4. The model for generating residual of multi-information aggregated graph according to claim 1, wherein the loss function is composed of depth initial residual graph volume loss and random graph generation module loss;

5. The method for classifying the topological graph nodes by using the multi-information aggregated graph residual error generation model according to any one of claims 1 to 4, is characterized by comprising the following steps:

s4, training a constraint model through a supervision loss module;

6. The method for classifying topological graph nodes by using a multi-information aggregated graph residual error generation model according to claim 5, wherein the output of the initial residual error graph convolution module of the k layer is calculated by the following formula;

wherein, X^(k-1)The input of the convolution module of the k-th layer initial residual map is shown, and when k is 1, the k is an initial residual term; alpha represents the proportional parameter of the residual error structure, and the initial residual error item and the characteristic output by the current graph convolution unit are calculated according to the proportional parameter alphaIndicating addition for information fusion; x^(k)Representing the output of the k-th layer initial residual map convolution module; dropout denotes a dropout cell, ReLU is a nonlinear activation cell,

the symmetric normalized Laplace matrix

representing an adjacency matrix with self-loops; i is_nIs an identity matrix;

is shown to pass through

To pair

Input moments during normalization operationsCharacteristic distribution of matrix X, by

To pair

And carrying out normalization operation to ensure information transmission.

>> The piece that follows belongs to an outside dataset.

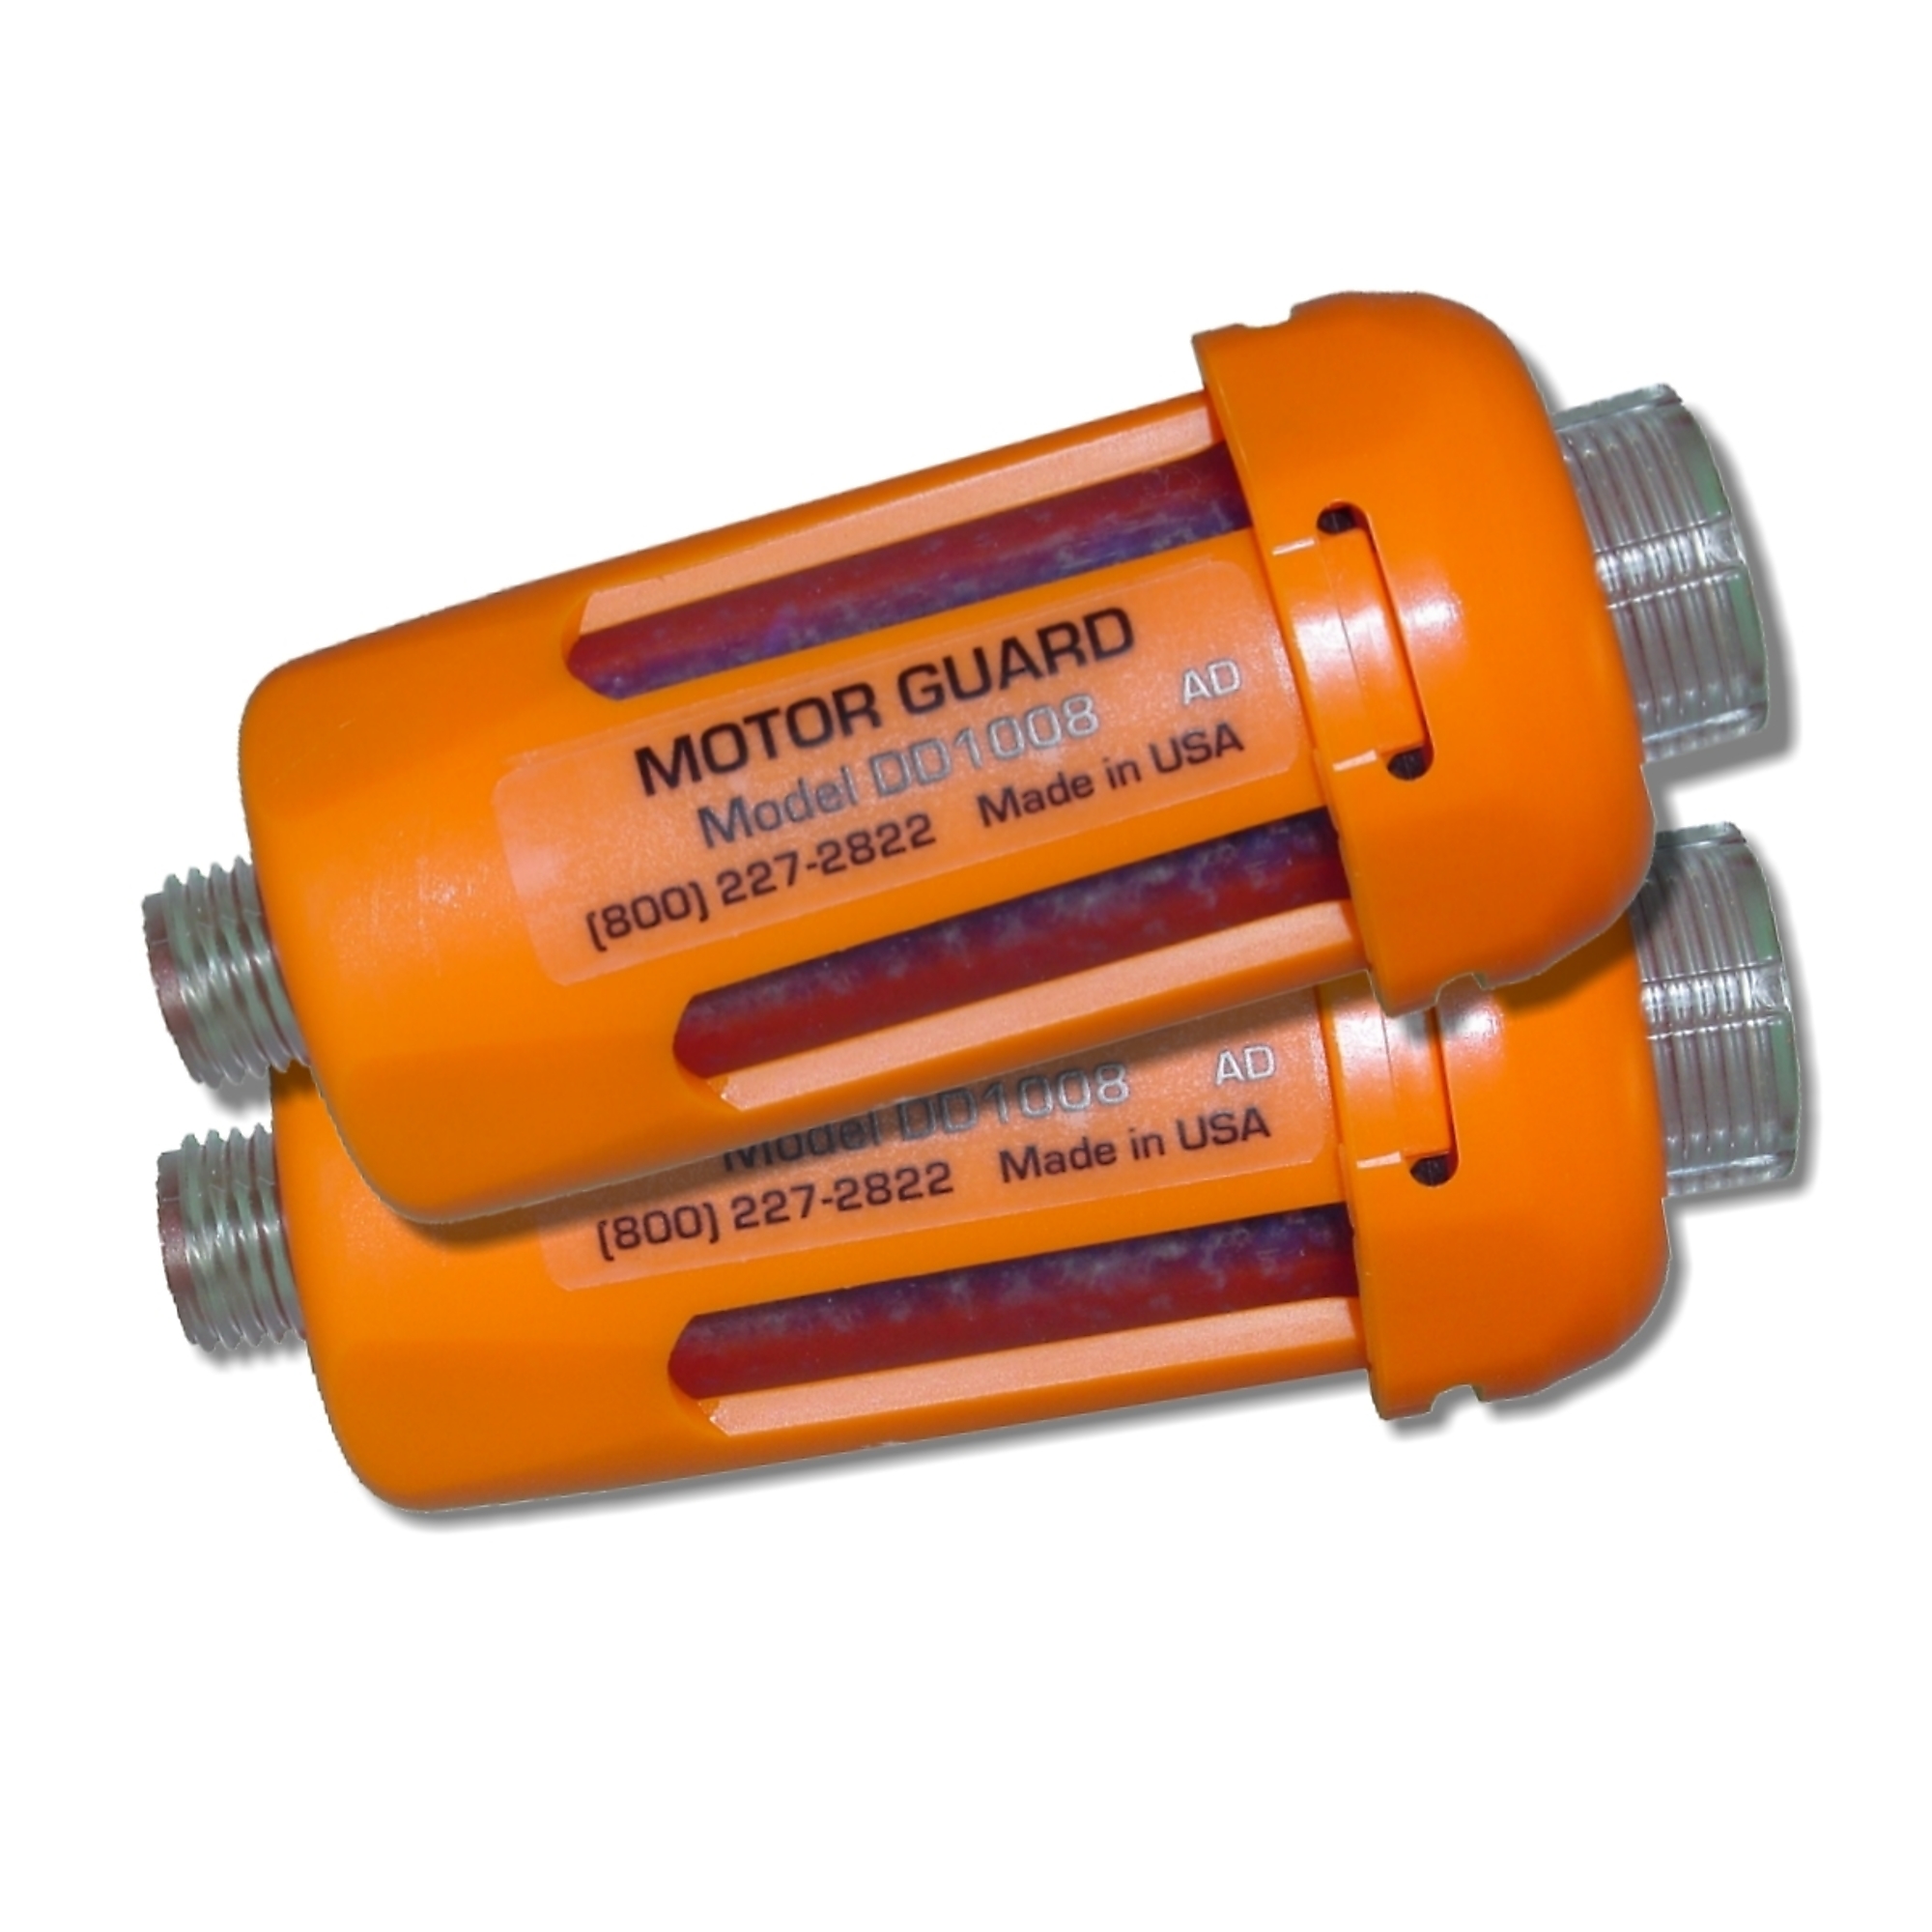 Motor Guard, Disposable Mini Desiccant Filter/Dryer Pack of 2 Model DD1008-2

7. The method for classifying topological graph nodes by using a multi-information aggregated graph residual generation model according to claim 5, wherein in the step S3, the method for constructing the noise graph specifically comprises:

graph dimension reduction representation generated by graph edge sampling

The calculation formula of (2) is as follows:

negative edge sample generated graph dimension reduction representation

The calculation formula of (2) is as follows:

wherein L is_kE is L as a known label matrix, and L is a label matrix;

is the collected negative side sample; graph edge sampling p_1θ(e_i，j|X，L_k) Is a random edge e between the node pairs i, j where the edge relation really exists in the graph structure_i，jProbability of sampling, negative edge sampling p_2θ(e_i，j|X，L_k) Is a random e in a node pair i, j where no edge relationship exists_i，jThe edge sampling probability.

8. The method for classifying topological graph nodes by using a multi-information aggregated graph residual error generation model according to claim 5, wherein the loss function in the supervision loss module in the step S4 is as follows:

ζ＝μ₁ζ₁+μ₂(ζ₂-LogSigmod(p_θ(G|X，L_k)+p_θ(L_k|X，G)+p_θ(G|X，L_k，L_m)))；

where ζ represents the graph residual generation for multi-information aggregationTotal loss function of model, ζ₁Zeta, the loss function representing the convolution module of the initial residual map of depth₂A loss function representing a dual layer perceptron module; logsigmoid (p)_θ(G|X，L_k))、p_θ（L_k|X，G)、p_θ(G|X，L_k，L_m) Respectively forming loss functions by joint distribution of graph structures, characteristic information and labels;

ζ₂、logsigmoid(p_θ(G|X，L_k))、p_θ(L_k|X，G)、p_θ(G|X，L_k，L_m) Loss functions which jointly form a random graph generation module; mu.s₁、μ₂Respectively representing super parameters of loss functions of the depth initial residual error map convolution module and the random map generation module; l is_mE is an unknown label matrix, and LogSigmoid represents a nonlinear function.

9. An electronic device, characterized in that the classification of the nodes of the topology graph is implemented using the method according to any of claims 5 to 8.

10. A computer storage medium having stored therein at least one program instruction which is loaded and executed by a processor to implement the method of classification of a topology graph node according to any of claims 5 to 8.